Okay, now we need to figure out what the theta and overlap_scores means. Which one is equivalent to "amount"?

**Ashvin, task for you**: Figure out how to interpret these cosine scores and theta results. Also, if possible try to figure out what these pre-defined motifsets are - how were they defined? Based on what data? With what data manipulations?

In [27]:
r2.json().keys()

[u'alpha', u'motifset', u'terms', u'decompositions']

In [30]:
r2.json()['motifset']

u'massbank_motifset'

In [31]:
r2.json()['terms']

{u'test1': []}

In [33]:
r2.json()['decompositions'].keys()

[u'test1']

In [38]:
# Turn the decompositions (which is a list of lists) into a dataframe
df = pd.DataFrame(r2.json()['decompositions']['test1'],
                  columns=['motif1', 'motif1_also_i_guess', 'maybe_cosine', 'maybe_abundance', 'annotation'])

# Add a column to label this dataframe with the molecule
df['molecule_name'] = 'hi_ashvin'
df.head()

Unnamed: 0,motif1,motif1_also_i_guess,maybe_cosine,maybe_abundance,annotation,molecule_name
0,motif_22,motif_22,0.003866,0.0,Water loss - indicative of a free hydroxyl gr...,hi_ashvin
1,motif_30,motif_30,0.003667,0.0,Fragment indicative for aromatic compounds rel...,hi_ashvin
2,motif_6,motif_6,0.003349,0.0,Amine loss - Indicative for free NH2 group in ...,hi_ashvin
3,motif_15,motif_15,0.003274,0.0,Combined loss of H2O and CO – indicative for f...,hi_ashvin
4,motif_2,motif_2,0.003274,0.0,Combined loss of H2O and CO – indicative for f...,hi_ashvin


**Python tip**: you can concatenate pandas dataframes but it's much faster to first put all the dataframes you want to concatenate in a list and then run pd.concat([list, of, dataframes]) (rather than concatenating at each iteration in the list).
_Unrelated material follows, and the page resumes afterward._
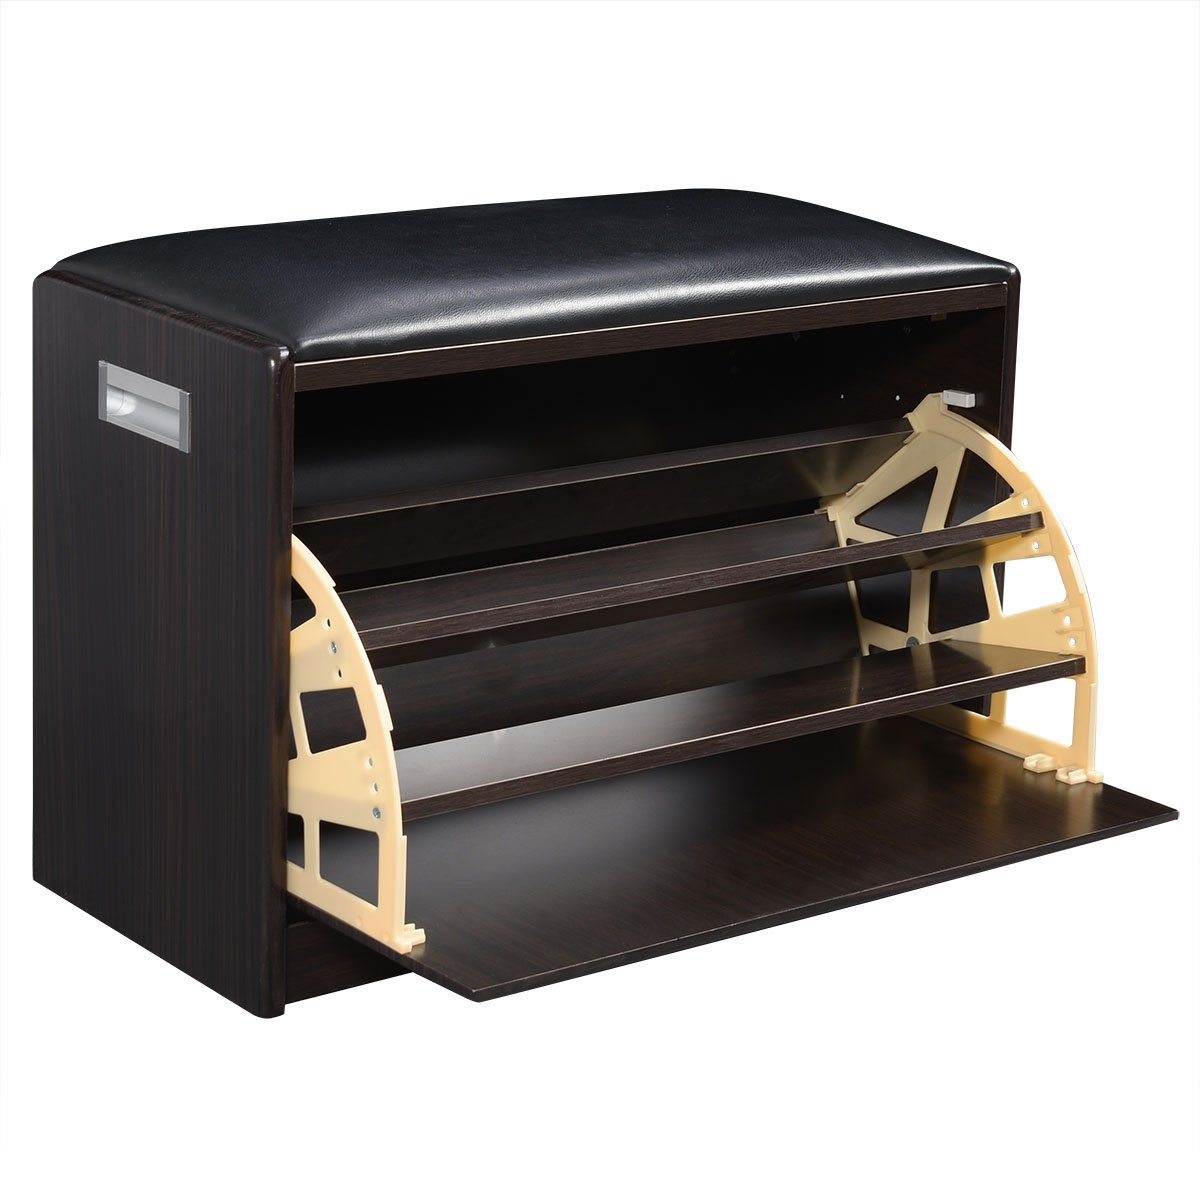 Giantex Wood Shoe Storage Cabinet Bench Ottoman Closet

So I would recommend (1) frun MS2LDA on each MS2, save to file. (2) For each file, read it in as a dataframe, add a column to label the MS2, append to a list. Then (3) Concenate that list into one massive dataframe. And finally, (4) use pd.pivot() to convert your dataframe of concatenated results into a (MS2 X features) table that can be used as input to sklearn functions.

Terminology note: the format of data output from MS2LDA and shown in the dataframe above is "tidy data" (which I love and is awesome), the format of data that sklearn uses (and MATLAB folks tend to be most used to) is wide-form or some other words I can't remember.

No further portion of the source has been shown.